[EXERCISE]: The expected output is the full data, repeated exactly, without pictures.
(SOURCE MATERIAL Opens)
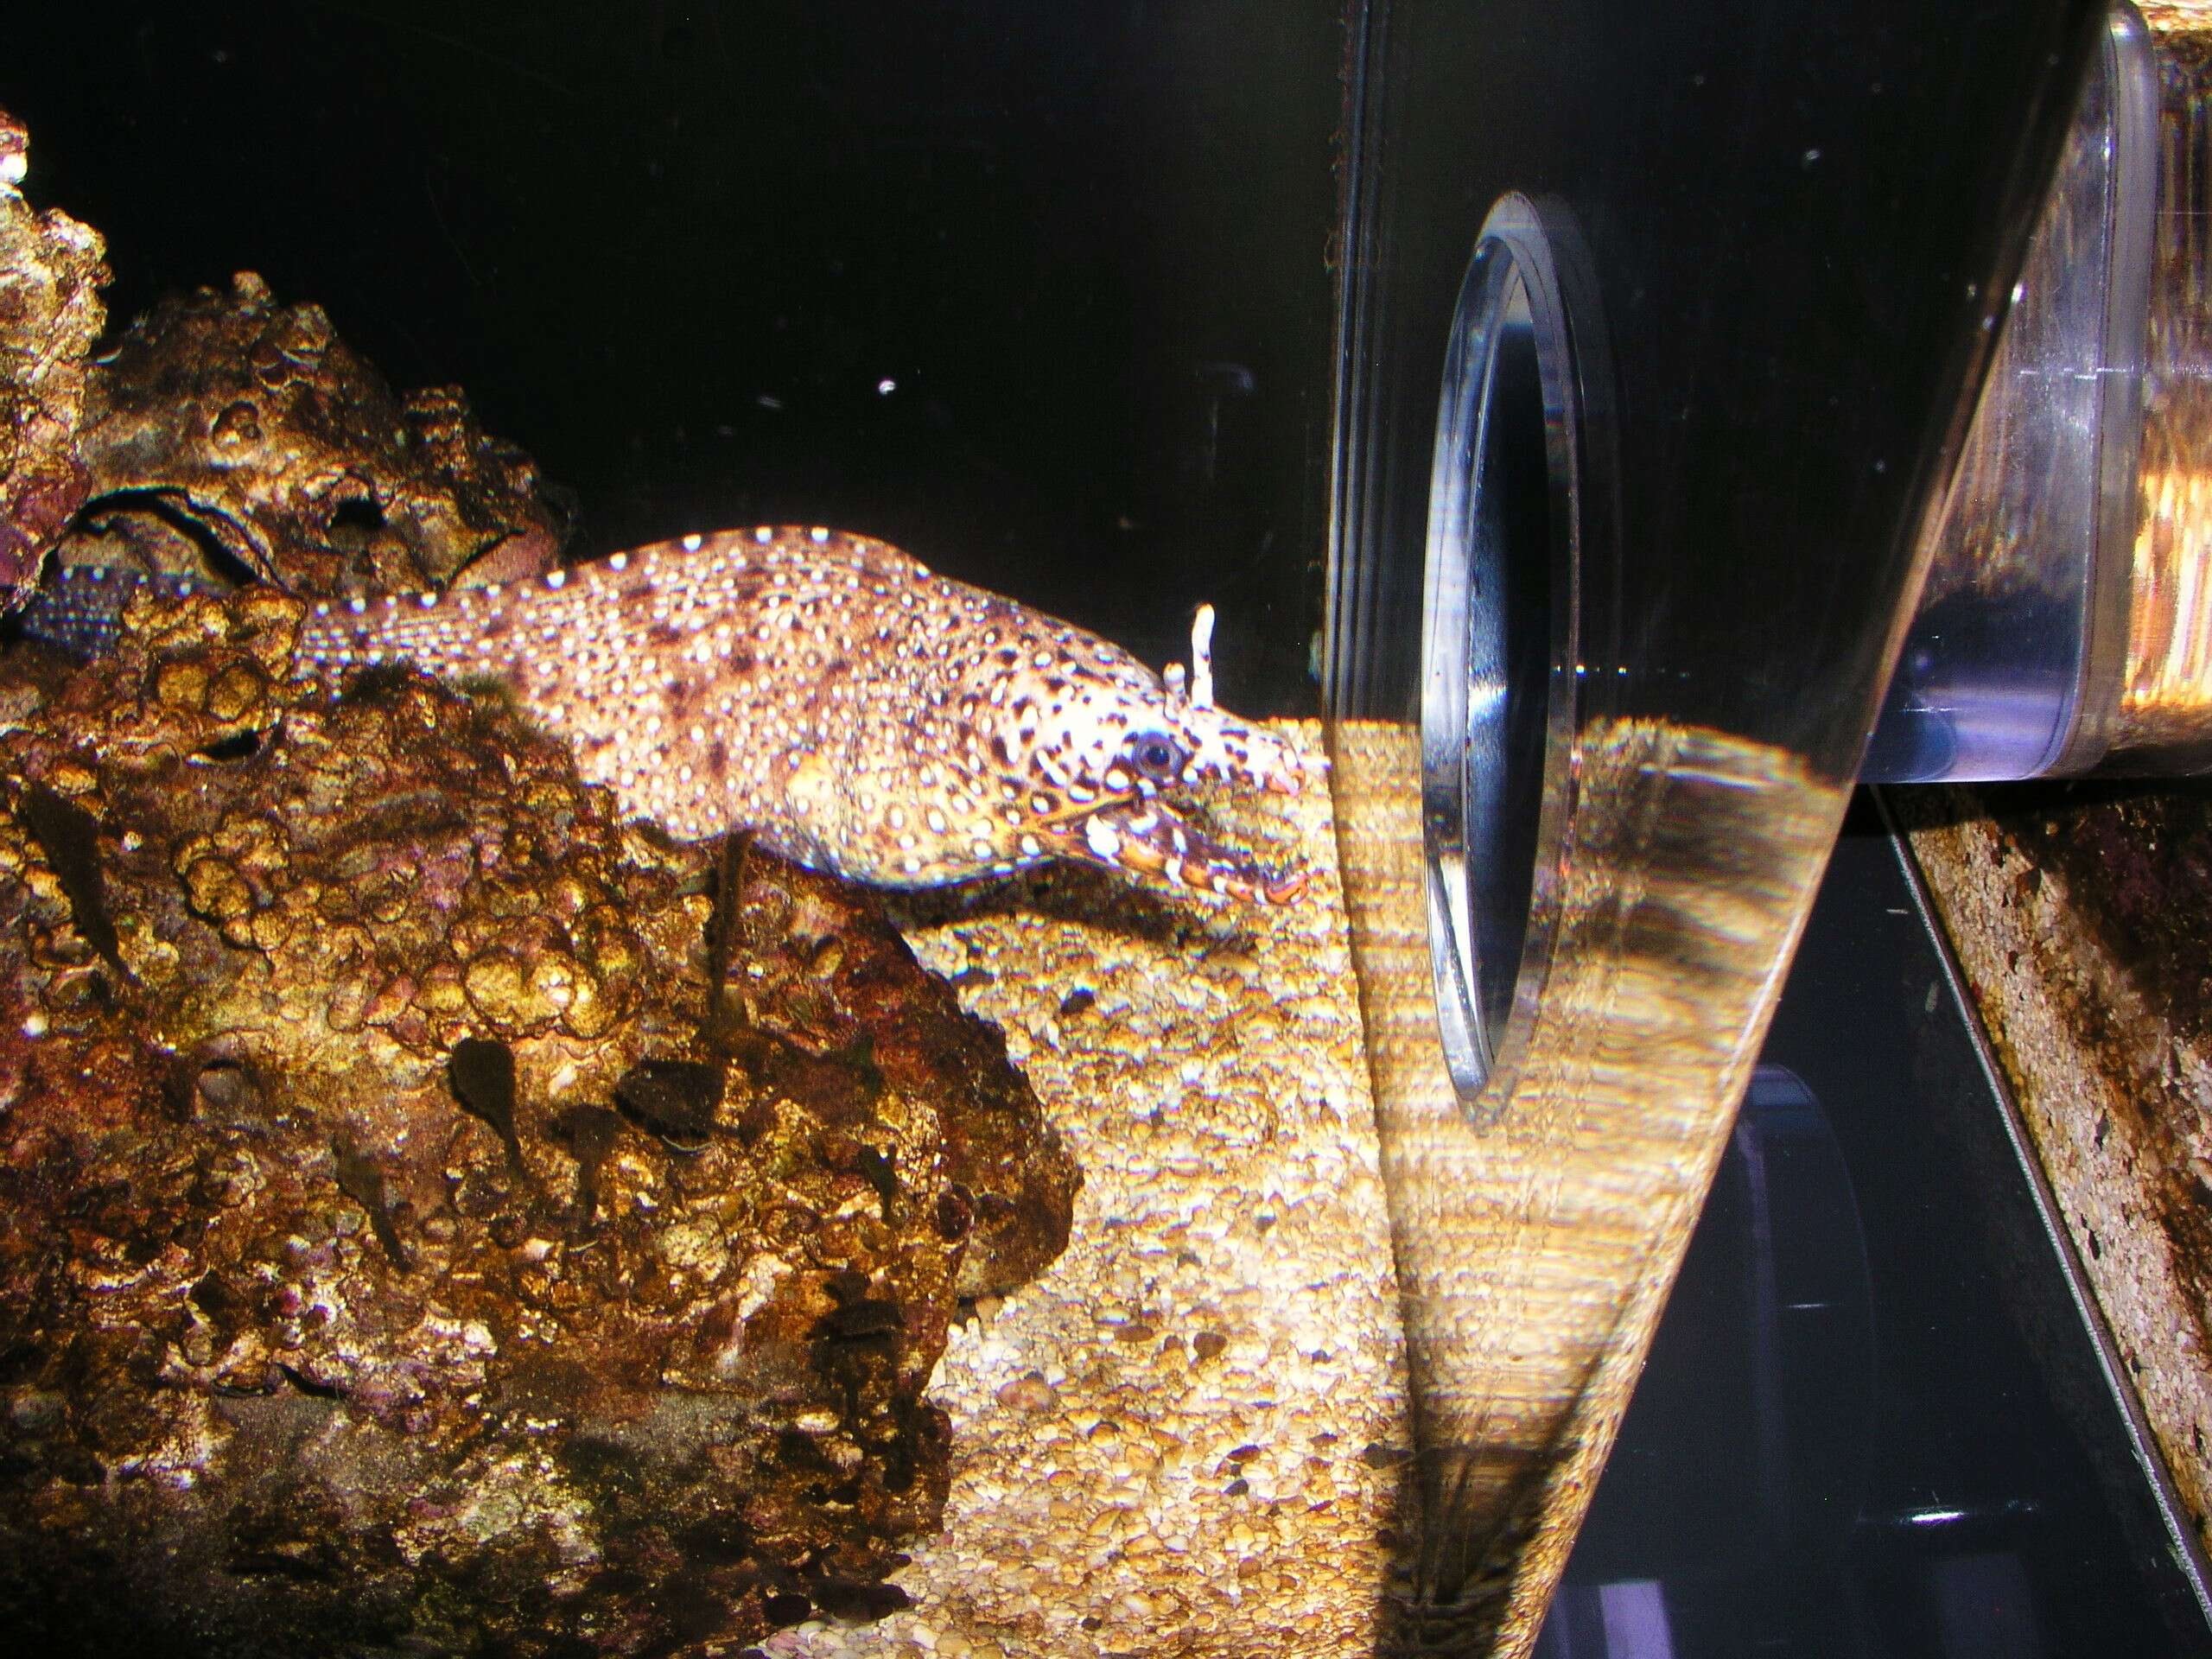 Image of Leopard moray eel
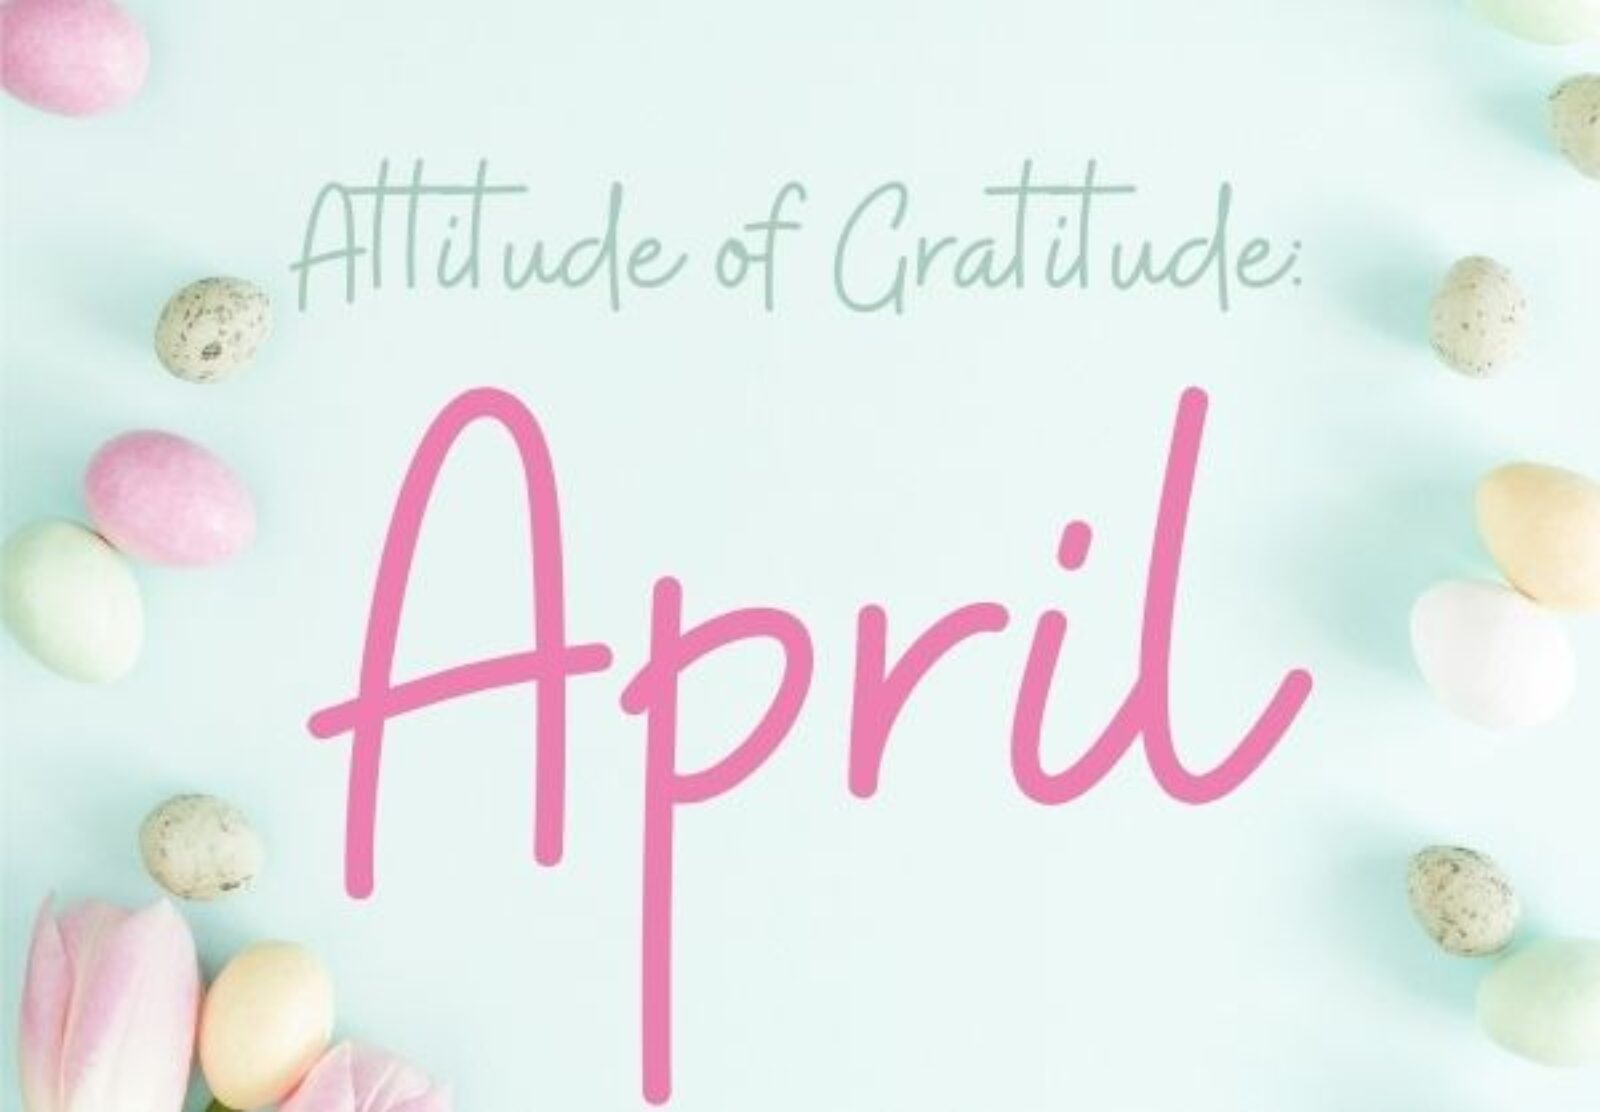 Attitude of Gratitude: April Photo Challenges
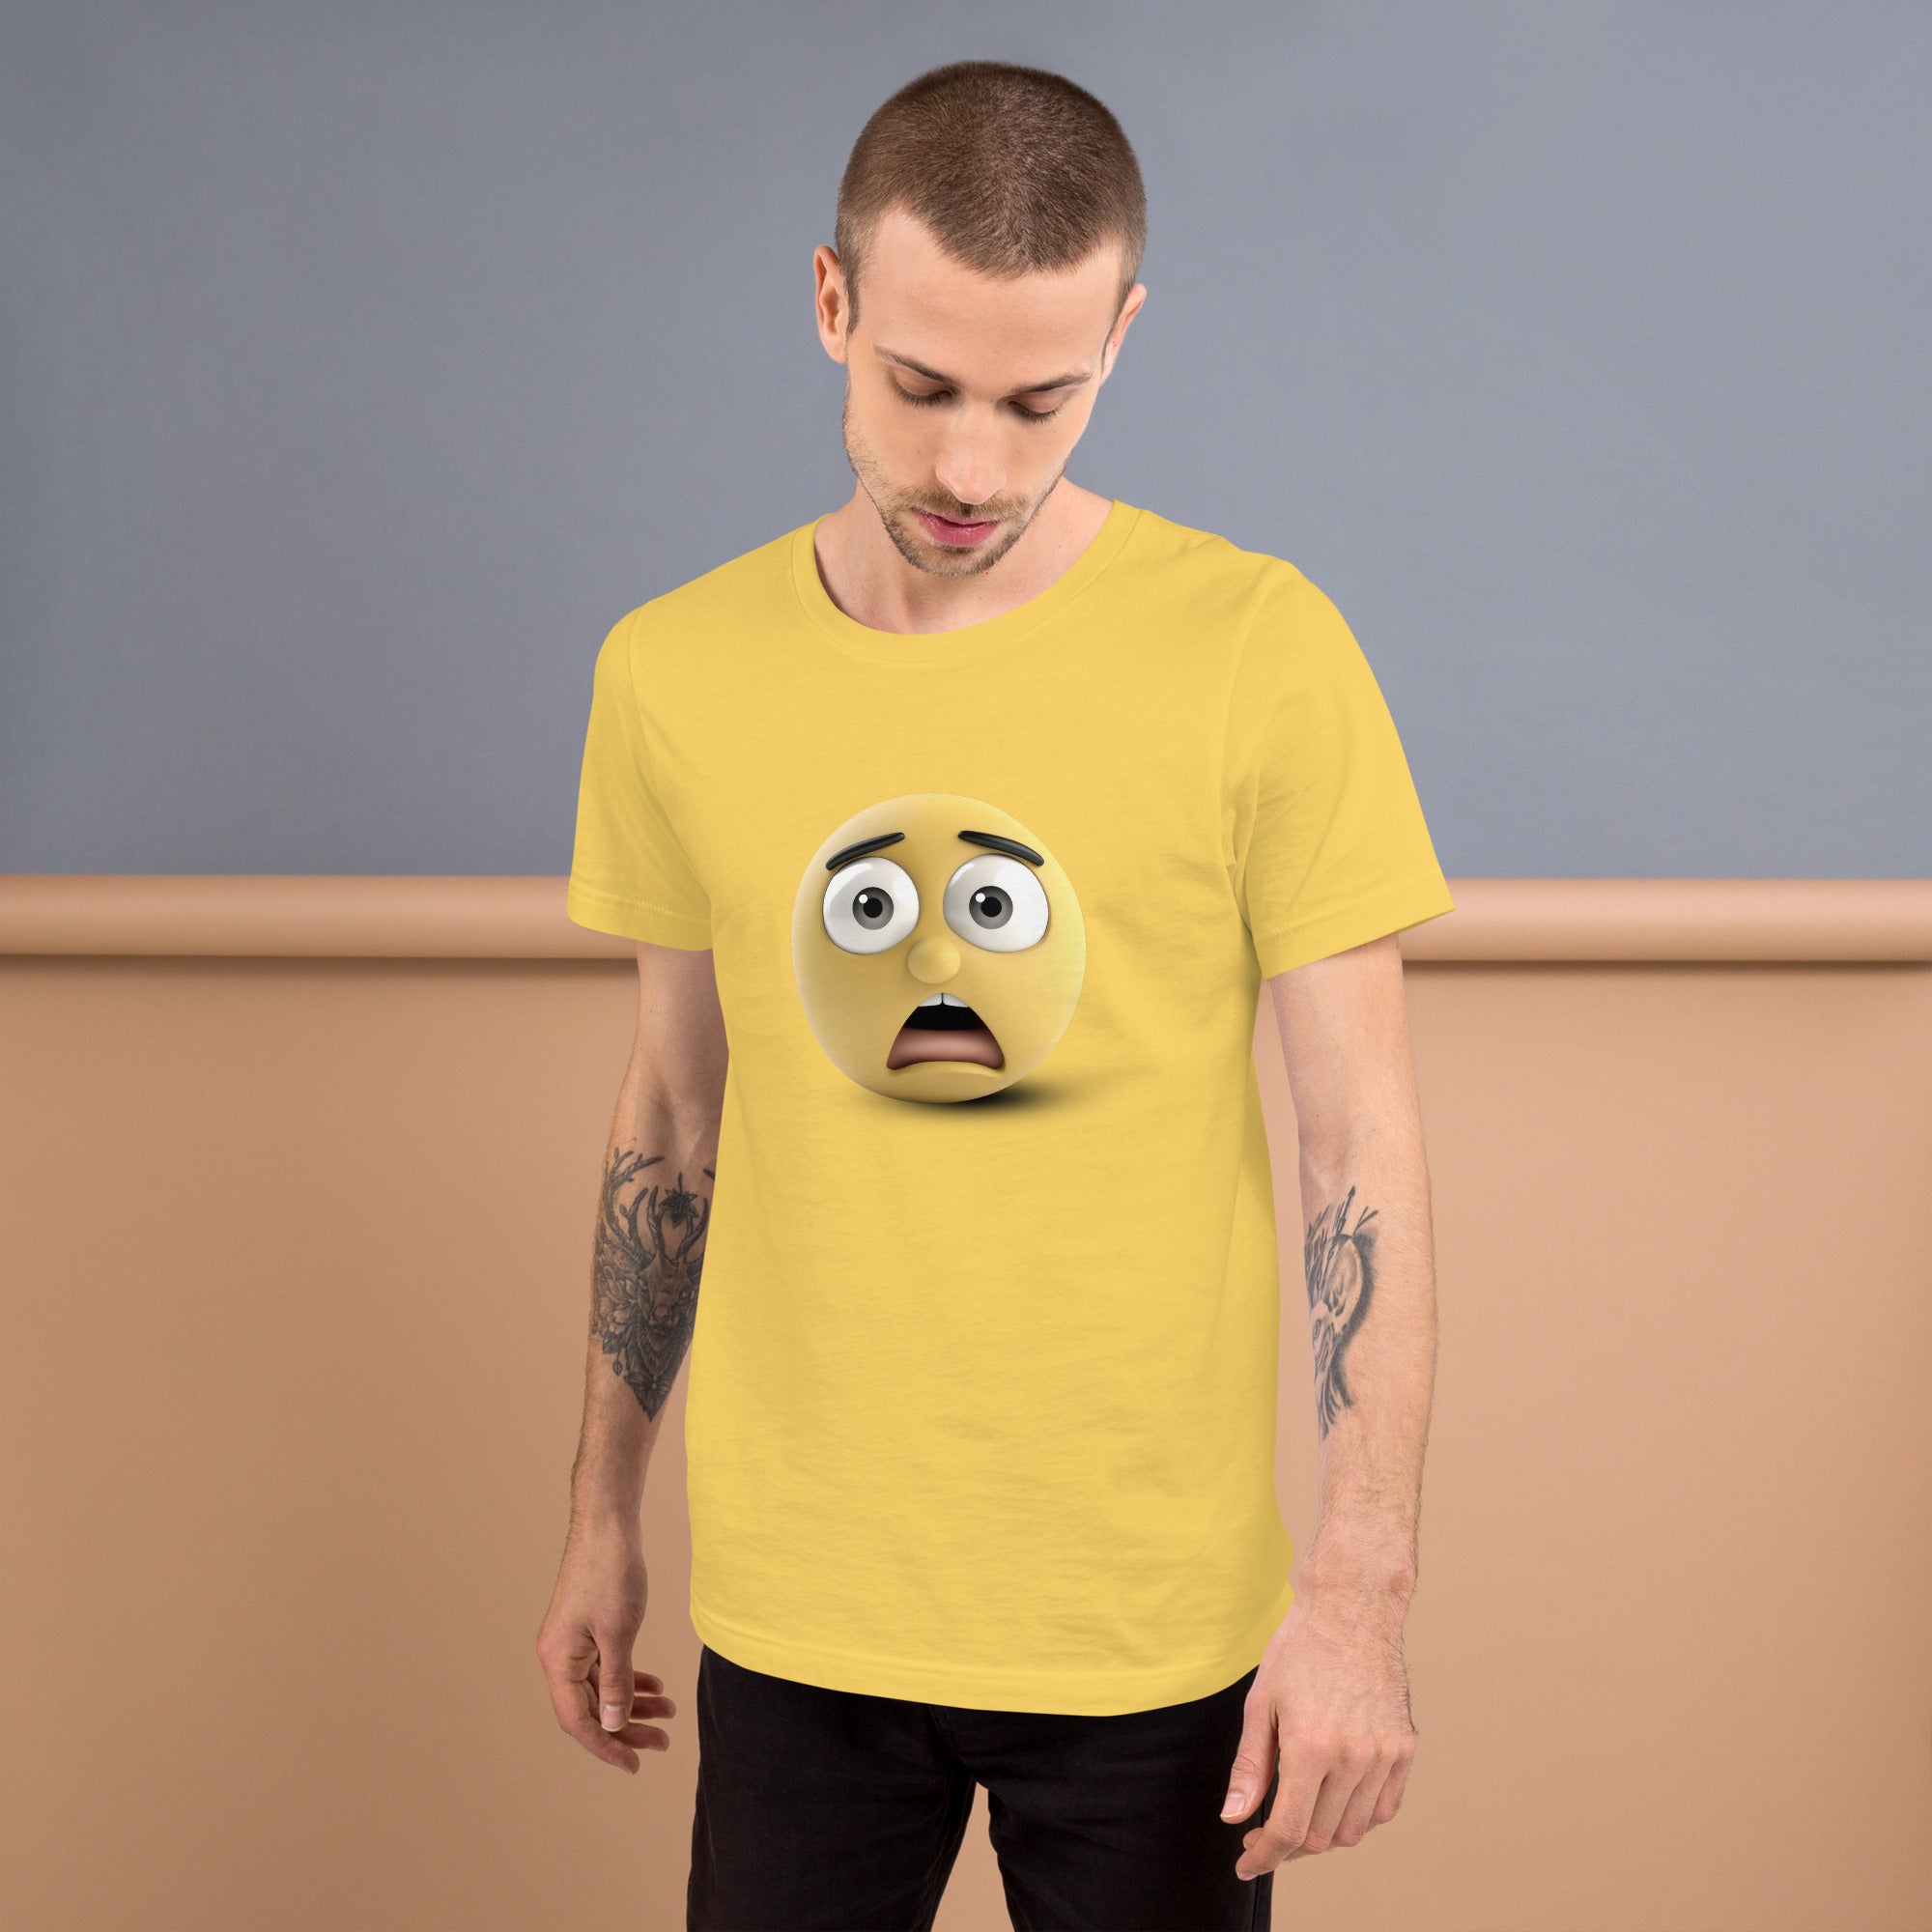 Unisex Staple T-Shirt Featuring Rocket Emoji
(SOURCE MATERIAL Closes)
[YOUR SOLUTION]:
 Image of Leopard moray eel
 Attitude of Gratitude: April Photo Challenges
 Unisex Staple T-Shirt Featuring Rocket Emoji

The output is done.